Ooh, I'm pretty sure mine's a Falcon. I never bothered doing any mod to it because it's a Lite-On drive and I didn't feel comfortable sticking a metal probe in there to get the key, RGH seemed complicated (some tricky solder points) and the parts for Xbox 360 modding are so overpriced. But this looks easier.


----------



## ClancyDaEnlightened (Dec 3, 2021)

The Real Jdbye said:


> Ooh, I'm pretty sure mine's a Falcon. I never bothered doing any mod to it because it's a Lite-On drive and I didn't feel comfortable sticking a metal probe in there to get the key, RGH seemed complicated (some tricky solder points) and the parts for Xbox 360 modding are so overpriced. But this looks easier.



$20 for Jr programmer 

$5-10 for cpld board

If you have soldering equipment it's not that costly


----------



## ClancyDaEnlightened (Dec 3, 2021)

Now the only thing left is cpu and nand swapping to convert  retail consoles to native devkits,  wonder if one could install a cpu socket lol


----------



## ClancyDaEnlightened (Dec 3, 2021)

Donnie-Burger said:


> It's not about waiting anymore since boots are like retail.  It's about having the best.


Buy a  xdk instead of hacking together a ghetto xdk, in a nutshell that's what you're doing

 efuses don't really matter, you can run any dash you want natively, and some have 1gb of ram instead of 512mb

Don't buy a Devkit if you don't know how to really use it, they operate different from a jtag/rgh/retail

I wonder if it's possible to upgrade a retail unit to 1gb


----------



## ploggy (Dec 3, 2021)

Muhahah I only gone done did it  Trinity from Stock to RGH3! LOL


----------



## ploggy (Dec 3, 2021)

Bits of advice before I forget:
For me J-runner wouldn't flash the RGH_Trinity.bin says it wasn't a ECC file, so I had to go into "Advanced>Custom Nand/Timing File Functions"  Then select..  Command "Write" Size "16" then "Run" it says write failed for all blocks but Xell still booted and displayed my CPU Key  (saw this tip on Reddit)
Don't boot Xbox with Nand Flasher still attached (I not 100% sure it's necessary, but I wouldn't do it 
everything else is in the Readme..


----------



## godreborn (Dec 3, 2021)

xell can be a fail safe.  it's the first 50 blocks of the nand, usually it doesn't get corrupted unless something goes horribly wrong.


----------



## ploggy (Dec 3, 2021)

godreborn said:


> xell can be a fail safe.  it's the first 50 blocks of the nand, usually it doesn't get corrupted unless something goes horribly wrong.

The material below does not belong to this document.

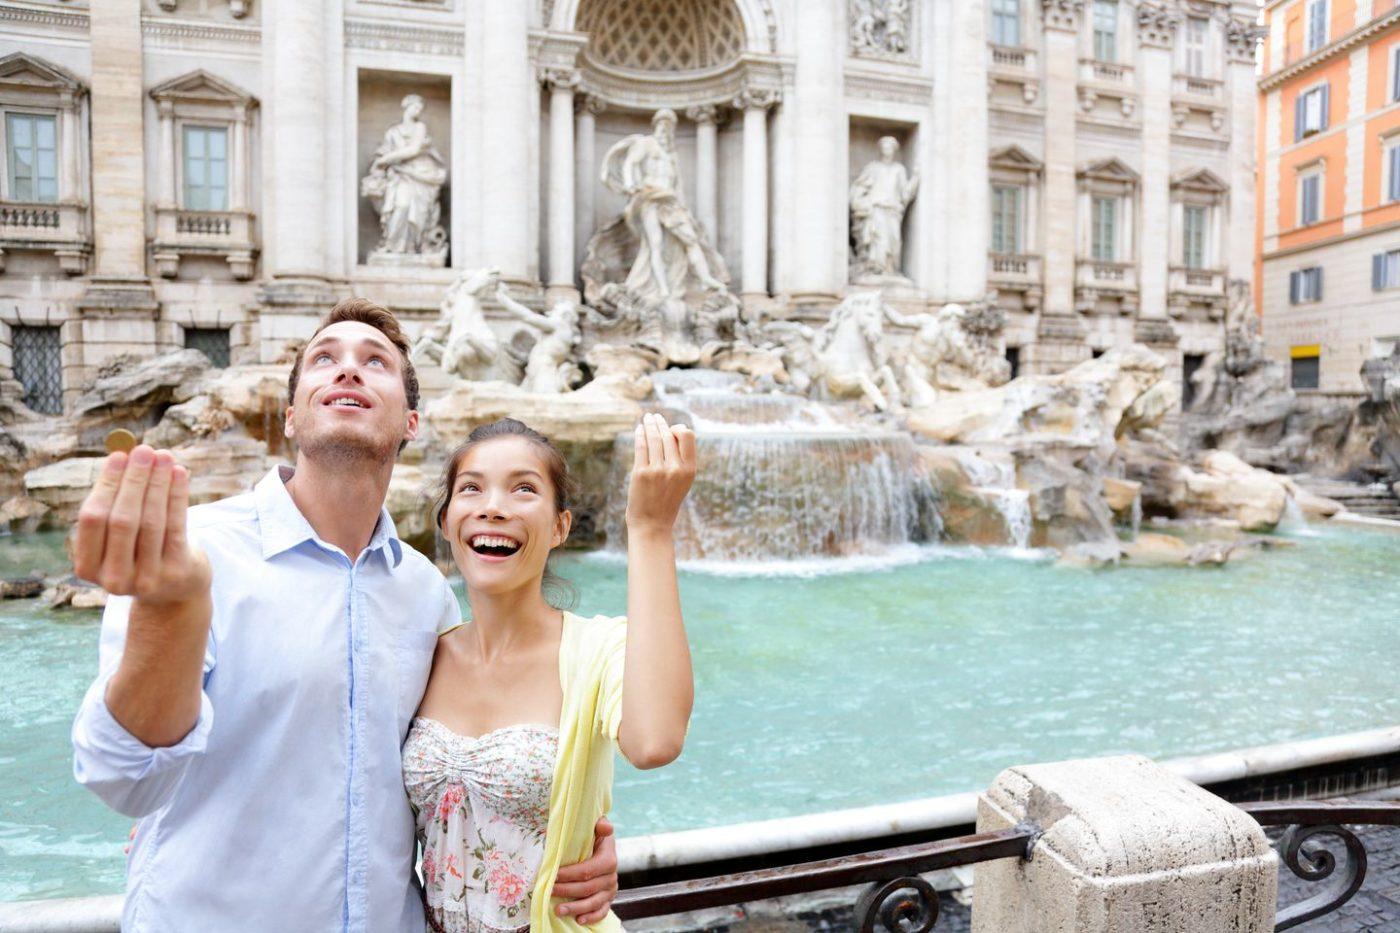 Una coppia di turisti stranieri lanciano la monetina nella fontana di Trevi a Roma

I was wanting to get into Xell anyway to get the CPU key I was just worried when it said write failed  
The Readme is a little vague about getting the CPU Key if your Xbox is Stock.. It's easy if your Console is already RGH'd
All in all it was actually easier than I thought it would be. Hardest part was that damn PPL point  I didn't have a magnifying glass, so I couldn't see the point at all, it was mostly guess work and looking at the wiring diagram. lol


----------



## godreborn (Dec 3, 2021)

it's possible it's just not setup for rgh3 yet, I guess.  that may be why it was confused.  congrats on the mod job though.


----------



## ploggy (Dec 3, 2021)

godreborn said:


> it's possible it's just not setup for rgh3 yet, I guess.  that may be why it was confused.  congrats on the mod job though.


Yea. I'm sure J-runner/AutoGG and other apps will get updates to support this new method 

Haha thanks, believe me no ones more surprised than me  : pats-self-on-back:


----------



## godreborn (Dec 3, 2021)

probably from realmodscene.  that's about the only 360 site with actual 360 devs left.


----------



## ploggy (Dec 3, 2021)

godreborn said:


> probably from realmodscene.  that's about the only 360 site with actual 360 devs left.

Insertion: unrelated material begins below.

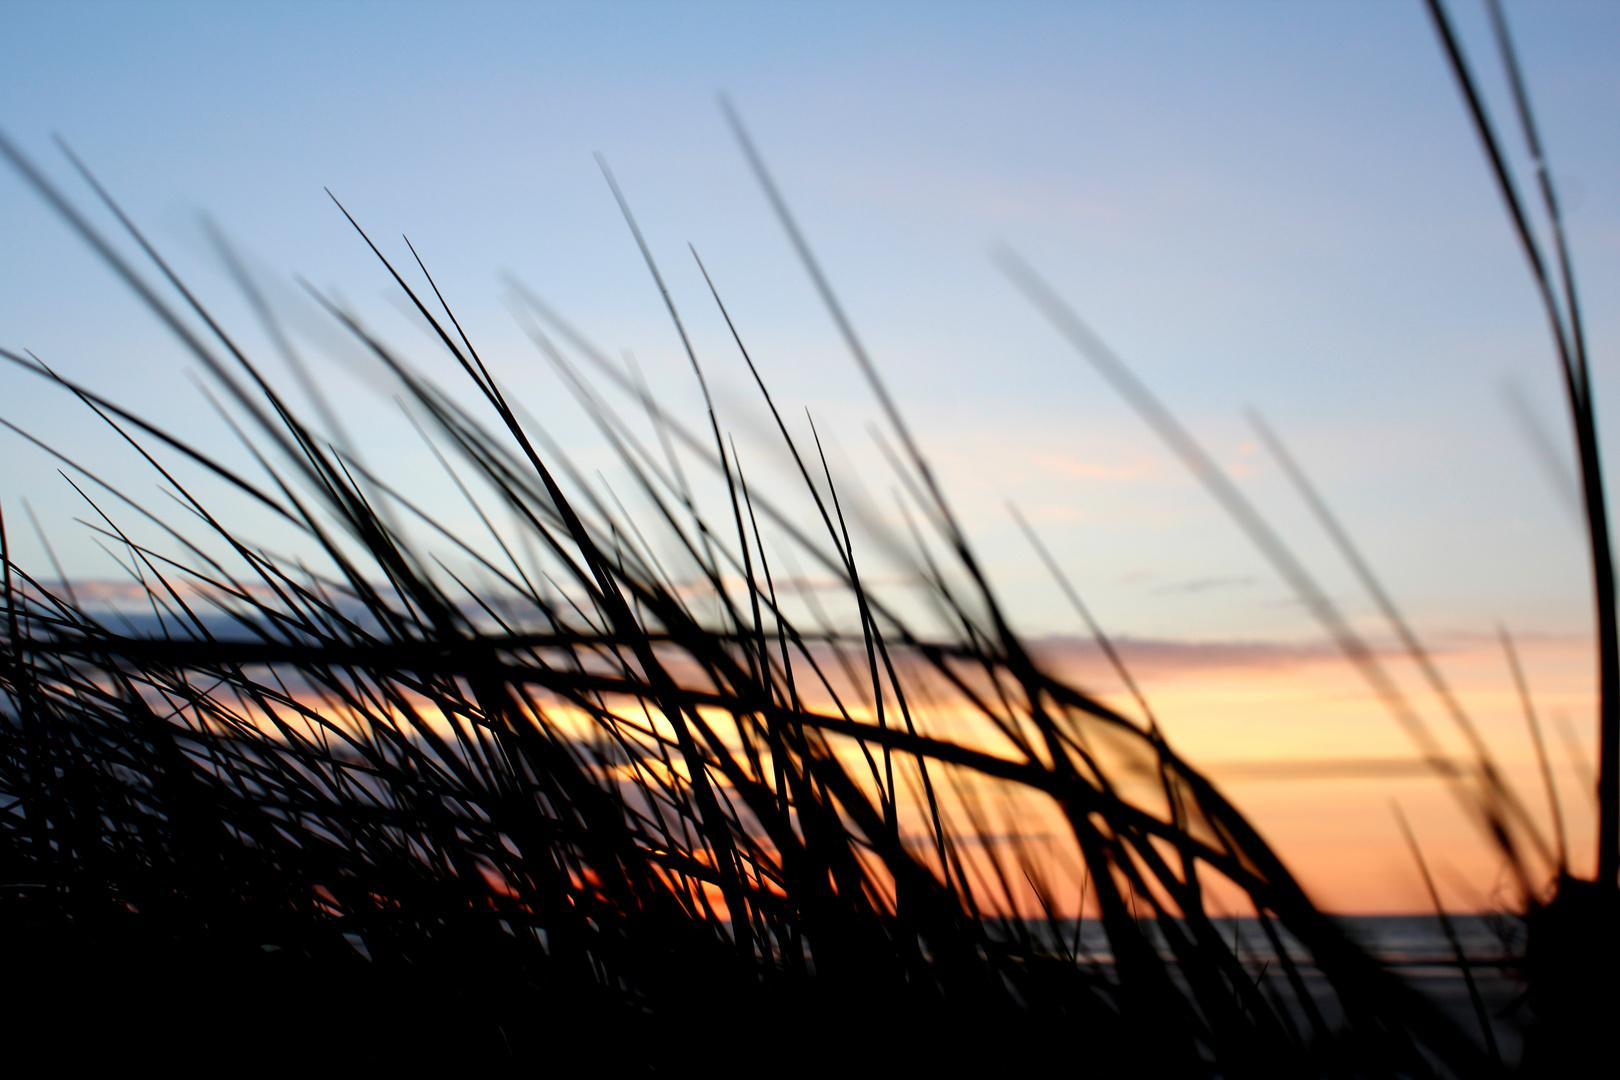 Leise rauscht das Meer hinter den Dünen

I pop my head in there from time to time.. actually there was a Aroma update the other day


----------



## godreborn (Dec 3, 2021)

I have an account there as well, can't recall if it's godreborn or pinky though.  godreborn predates pinky by quite a bit.  I like it more tbh.


----------



## ploggy (Dec 3, 2021)

godreborn said:


> I have an account there as well, can't recall if it's godreborn or pinky though.  godreborn predates pinky by quite a bit.  I like it more tbh.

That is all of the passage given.